> **Records provided**

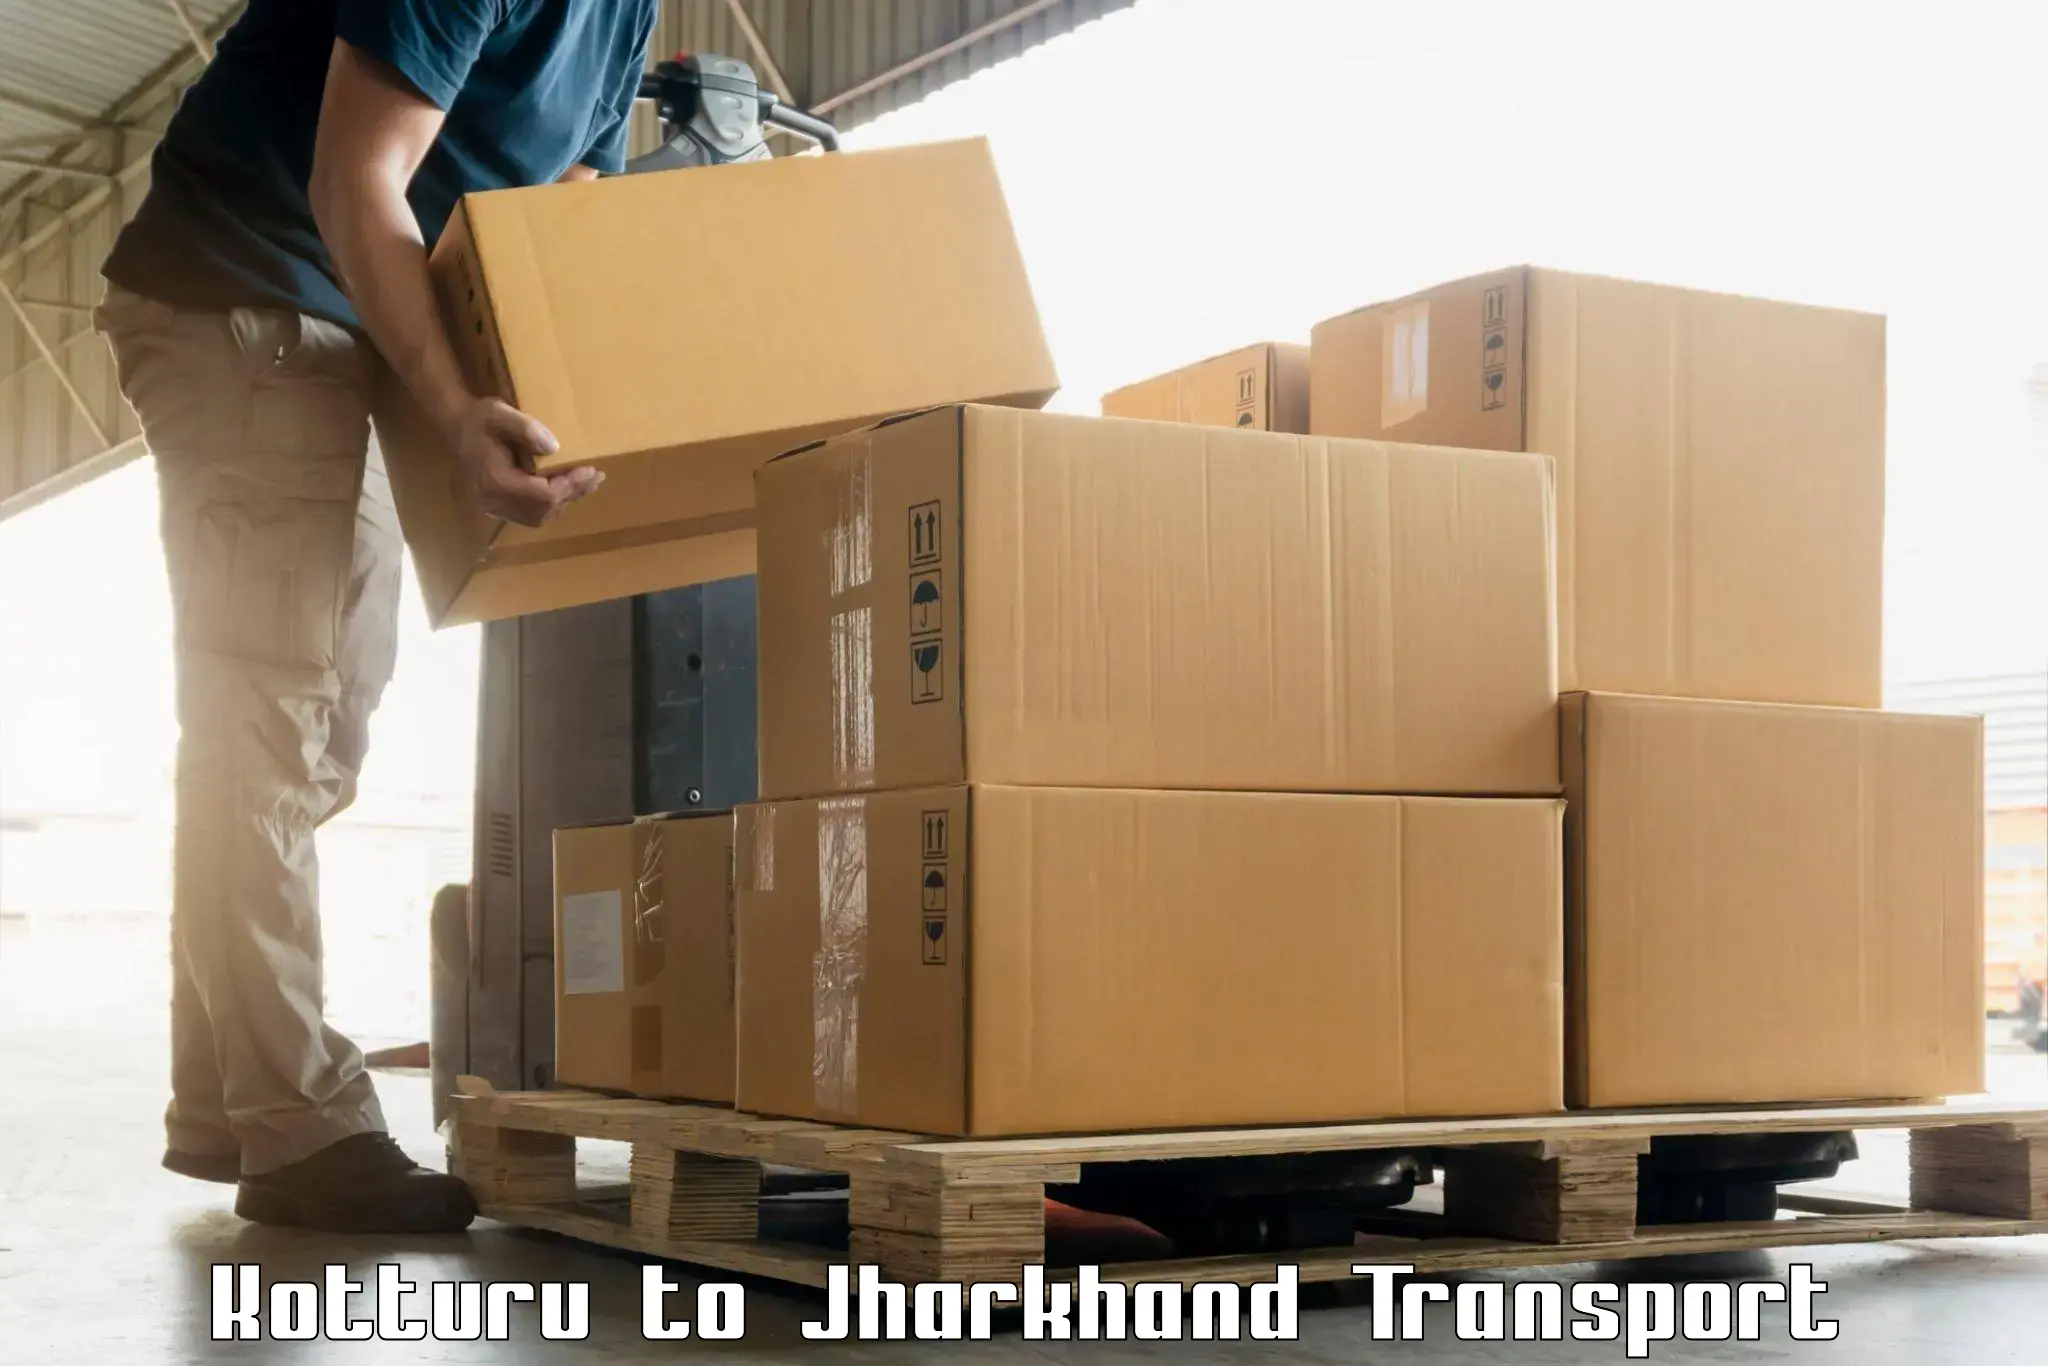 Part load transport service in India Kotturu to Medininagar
==
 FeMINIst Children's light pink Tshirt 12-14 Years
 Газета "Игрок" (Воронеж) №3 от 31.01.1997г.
* * *
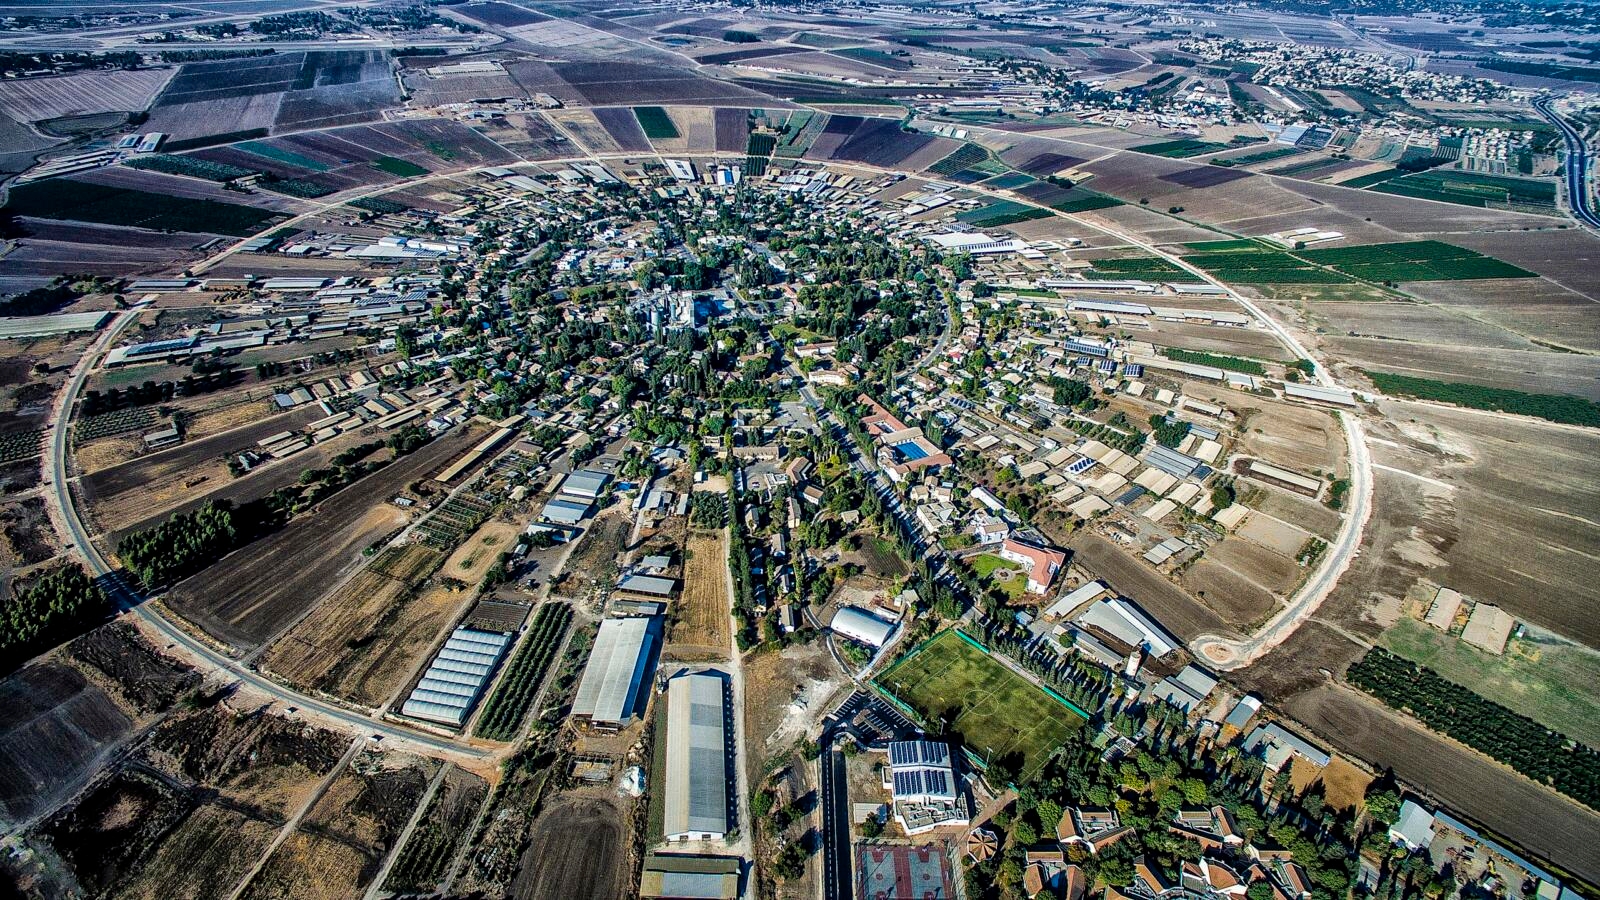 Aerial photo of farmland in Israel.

> **What to work on**
Within the data above, the span starting at the line containing "FeMINIst Children's light" and ending at the line containing "(Воронеж) №3 от 31.01.1997г." is to be retyped exactly, with no other lines.

> **Your solution**
 FeMINIst Children's light pink Tshirt 12-14 Years
 Газета "Игрок" (Воронеж) №3 от 31.01.1997г.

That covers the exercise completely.